Blog 18/2017: Steuern sparen geht!


War Einstein ein guter Schüler?

Existenzgründung vorbereiten, heisst: Viele Fragen zu Beginn ordentlich klären!

Früher dachte ich immer, wenn Du einmal Kinder hast, dann hast Du auf jeden Fall immer auch sehr viel Spaß. Denn Kinder lachen gerne, machen gerne Quatsch, essen gerne Pommes, gehen gern auf den Jahrmarkt, ins Kino … Das stimmt alles. Was ich nicht wusste, ist, dass Kinder dafür sorgen, dass Dein Allgemeinwissen täglich steigen muss. Heute musste ich liefern – meine Tochter hat schon seit 2 Tagen gefragt: War Einstein ein guter Schüler? War Einstein ein braver Schüler? Warum ist Einstein so berühmt geworden? Also musste ich selbst erst mal recherchieren, um die Antworten zu bekommen und weiterzugeben. Da die erste Frage meistens falsch beantwortet wird: Ja, Einstein war ein guter Schüler. Der erste Biograph hatte leider das schweizerische Notensystem falsch verstanden – da ist eine „6“ eine „1“ – so entstehen Gerüchte. (Ich reiche später noch mal nach, wer das war.) Interessant über ihn und von ihm zu lesen: „Das Gewinnmotiv ist in Verbindung mit der Konkurrenz zwischen den Kapitalisten für Instabilität in der Akkumulation und Verwendung des Kapitals verantwortlich und dies bedeutet zunehmende Depressionen. Unbegrenzte Konkurrenz führt zu einer riesigen Verschwendung von Arbeit und zu dieser Lähmung des sozialen Bewußtseins von Individuen, die ich zuvor erwähnt habe. Diese Lähmung der Einzelnen halte ich für das größte Übel des Kapitalismus. Unser ganzes Bildungssystem leidet darunter. Dem Studenten wird ein übertriebenes Konkurrenzstreben eingetrichtert und er wird dazu ausgebildet, raffgierigen Erfolg als Vorbereitung für seine zukünftige Karriere anzusehen. Ich bin davon überzeugt, daß es nur einen Weg gibt, dieses Übel loszuwerden, nämlich den, ein sozialistisches Wirtschaftssystem zu etablieren, begleitet von einem Bildungssystem, das sich an sozialen Zielsetzungen orientiert.“ Ich kann ihm nur zustimmen.  Ansonsten: Ein Tag mit Routine (Berichte schreiben), Akquise (Telefonate) und einem späten Termin, wo ich einem Gründer bei der Entscheidung helfen muss, einen Schritt zu wagen – oder doch lieber den Traum zu begraben, den er seit Jahren hat.

Gewinne steigern und Steuern sparen - das geht!

Diese Woche war mal wieder Steuertag.

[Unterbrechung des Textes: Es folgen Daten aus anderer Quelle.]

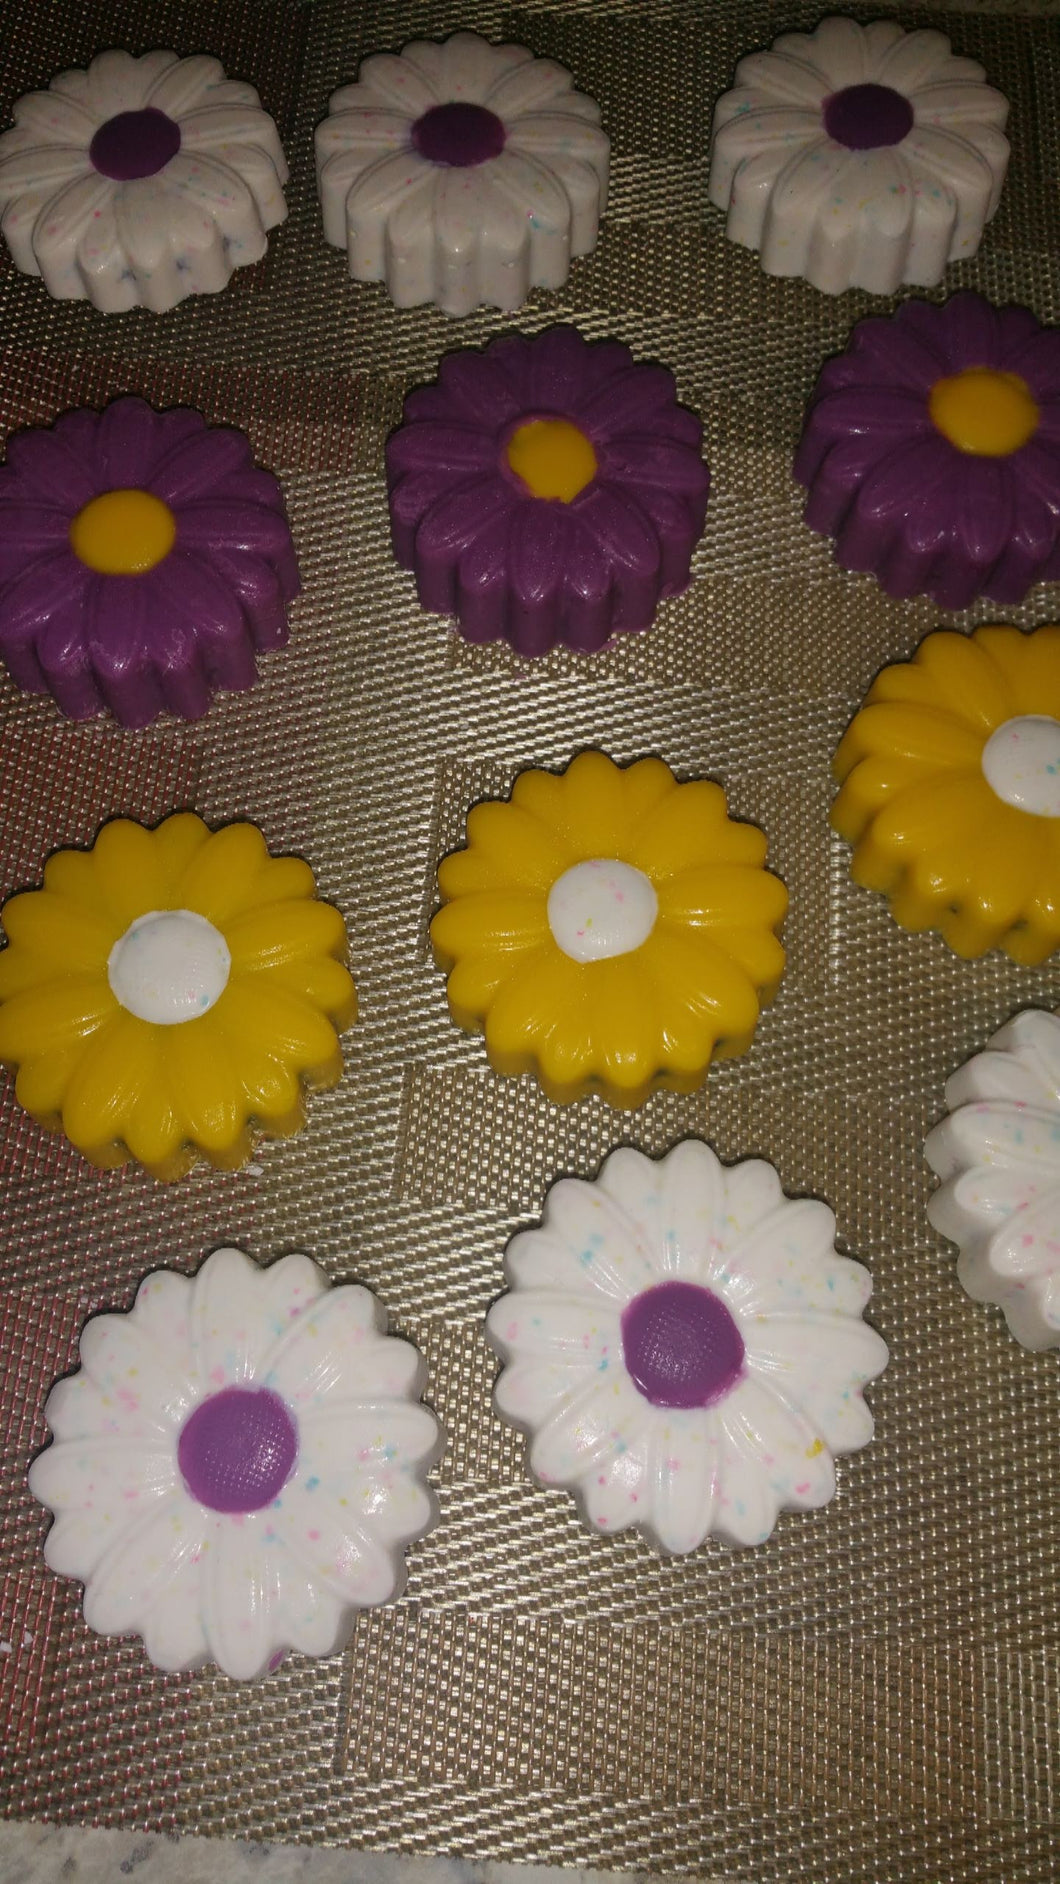 Oreo Cookies - Chocolate Covered/Dipped (Daisy Sunflower)

Also musste ich zusehen, dass ich meine Buchhaltungsunterlagen zum Steuerbüro schaffe – natürlich alles schön ordentlich vorsortiert. Bei einem Gespräch mit einer Unternehmerin darüber, wie ungern wir so etwas tun, kamen wir auch auf steigende Gewinne zu sprechen: Was tun, wenn der Gewinn steigt – was ich Euch ja allen wünsche. Meistens ist es so, dass die Gewinne auf einmal steigen – zu Eurer Freude aber dann doch die Sorge kommt, wieviel davon denn das Finanzamt haben will.

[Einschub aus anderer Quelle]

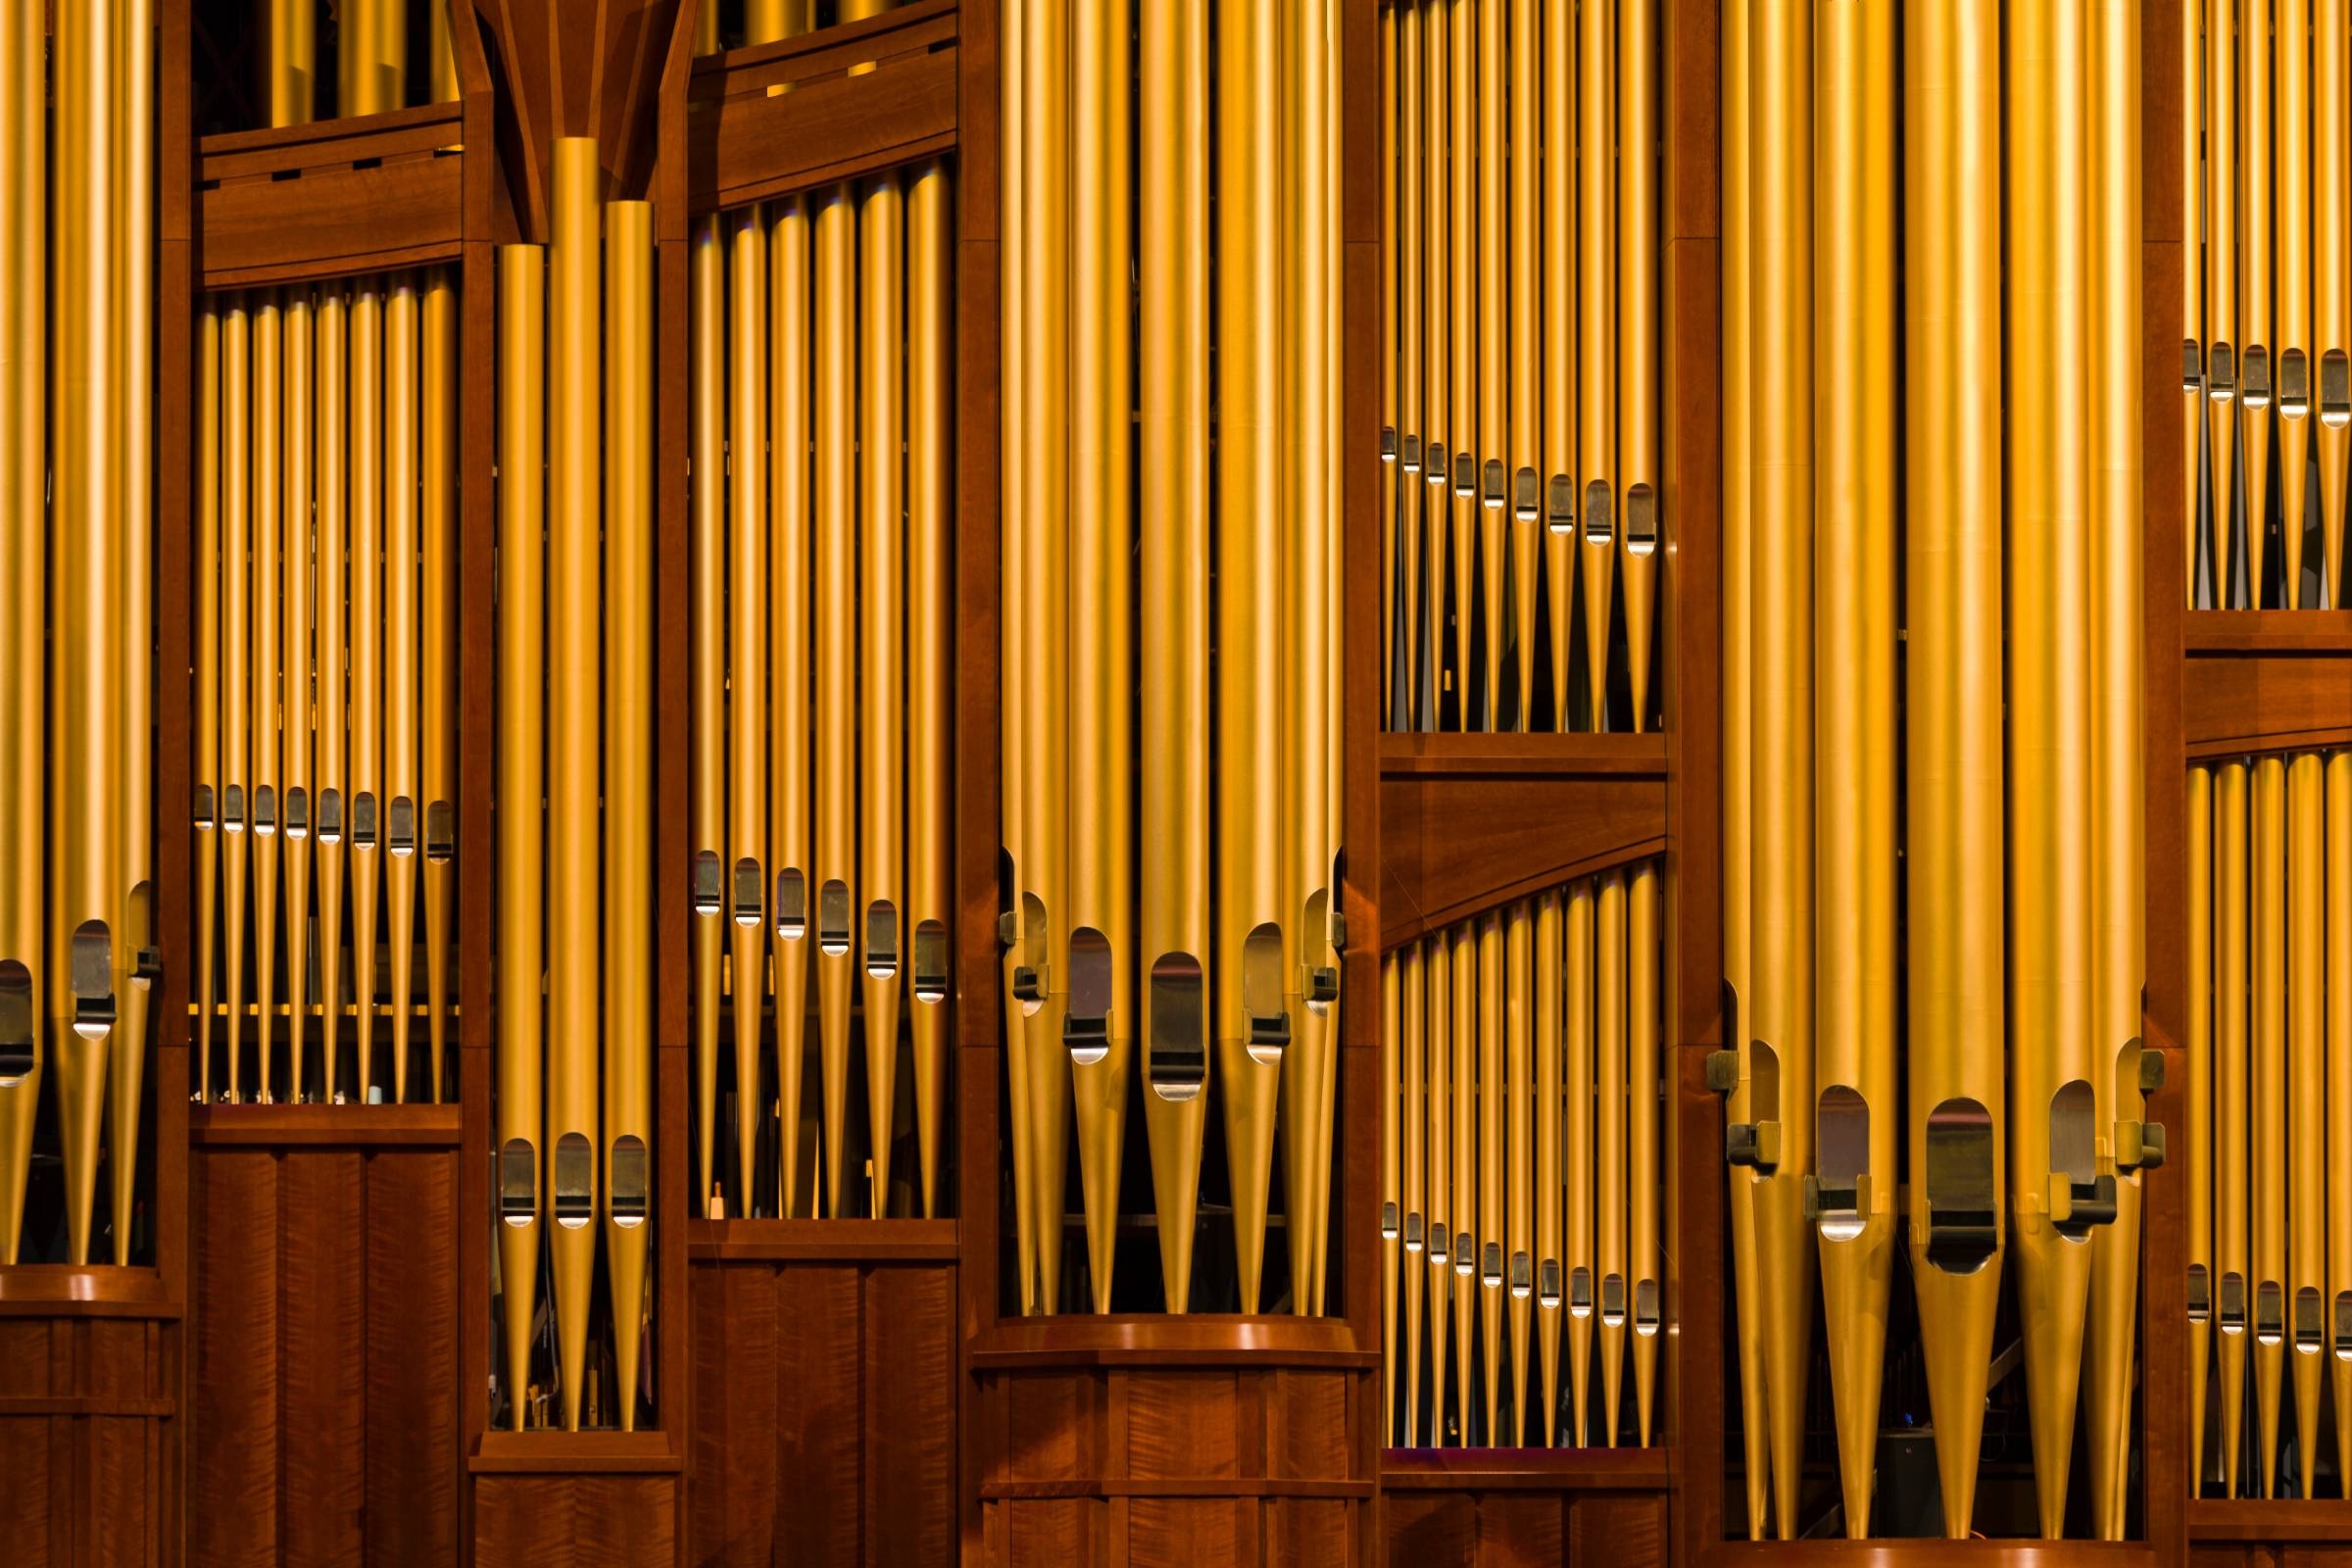 Pipe Organ: Pressurized air produces notes through a series of tubes organized in scalelike rows. 2400x1600 HD Wallpaper.

Wenn es wirklich eine enorme Steigerung bei gleichen Fixkosten und sonstigen Kosten gibt, ist die Gewinnsteigerung überproportinal. Daher müssen dann von Euch gegenüber dem Steuerberater klare Vorgaben gemacht werden. Anschaffungen z.B. das notwendige Fahrzeug, welches Ihr braucht, um die Kundentermine gut zu erreichen, sorgt zwar dafür, dass das Geld von Eurem Konto zum Konto des Autohändlers wandert – aber eine Ausgabe von 20.000 € bringt im September des laufenden Jahres nur eine Abschreibung von 1.300,00 €.

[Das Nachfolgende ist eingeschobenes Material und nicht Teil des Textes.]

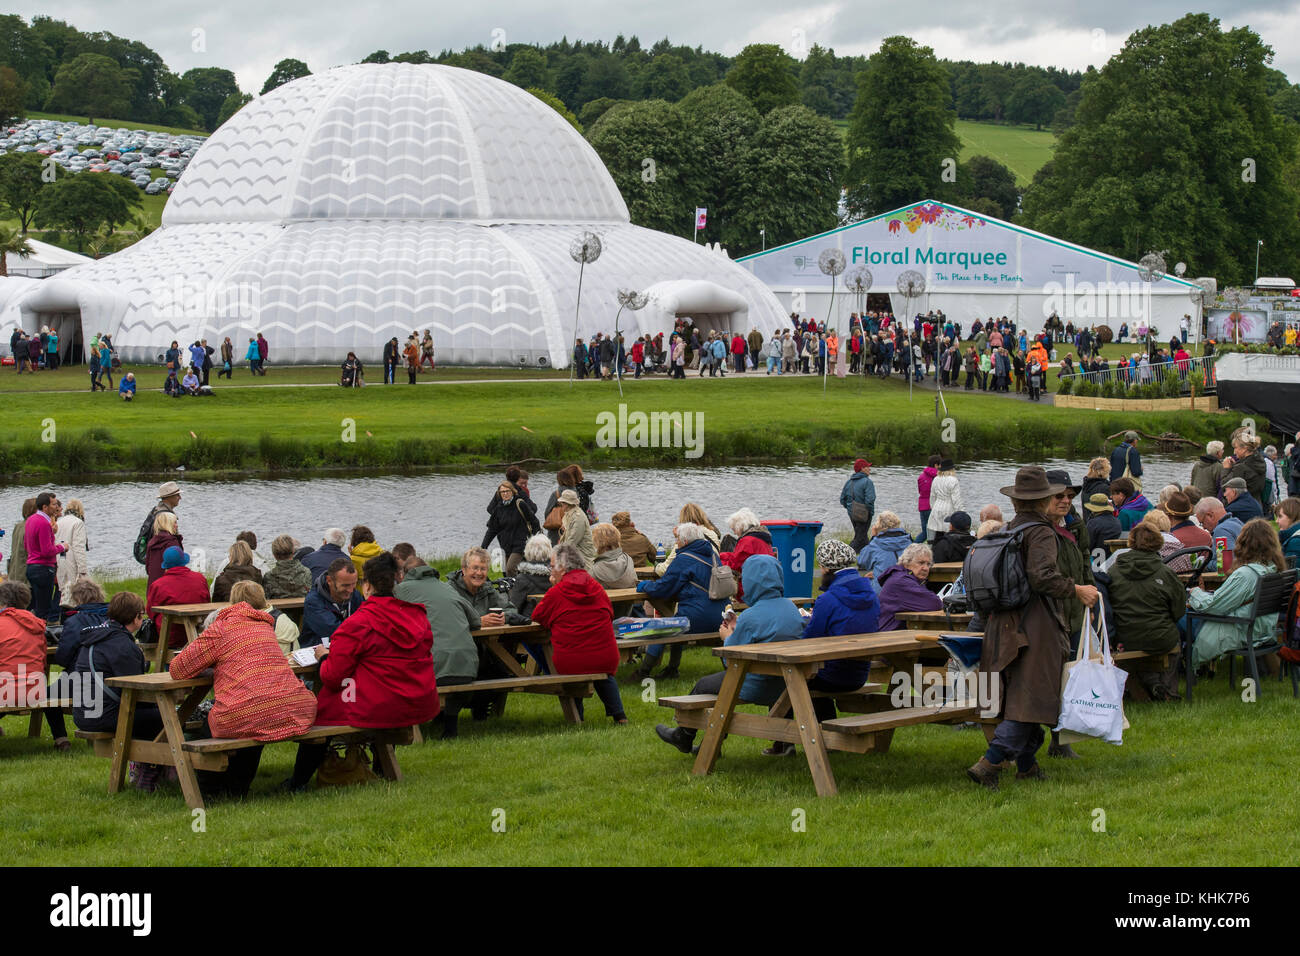 Large crowd at RHS Chatsworth Flower Show - sitting at picnic tables, & going into large white marquees - Chatsworth House, Derbyshire, England, UK. Stock Photo

Ein wichtiges Steuerspar-Instrument in einer solchen Situation ist der Investitionsabzugsbetrag (IAB). Dabei handelt es sich nicht um eine Abschreibung im engeren Sinn, sondern um eine gewinnmindernde Rücklage, die bereits bis zu drei Jahre vor der Anschaffung gebildet werden darf. Die Rücklage darf immerhin bis zu 40% der voraussichtlichen Anschaffungskosten des Wirtschaftsgutes betragen. Wenn ihr also plant, einen zweiten Standort zu eröffnen, bei dem ihr 40.000 € ausgeben müsst, ergibt sich eine stattliche Steuerersparnis: 16.000 €. Wird der Gegenstand, für den ein Investitionsabzugsbetrag gebildet wurde, nicht rechtzeitig angeschafft, muss die Rücklage allerdings gewinnerhöhend aufgelöst werden, und zwar in dem Jahr, in dem sie ursprünglich gebildet wurde. 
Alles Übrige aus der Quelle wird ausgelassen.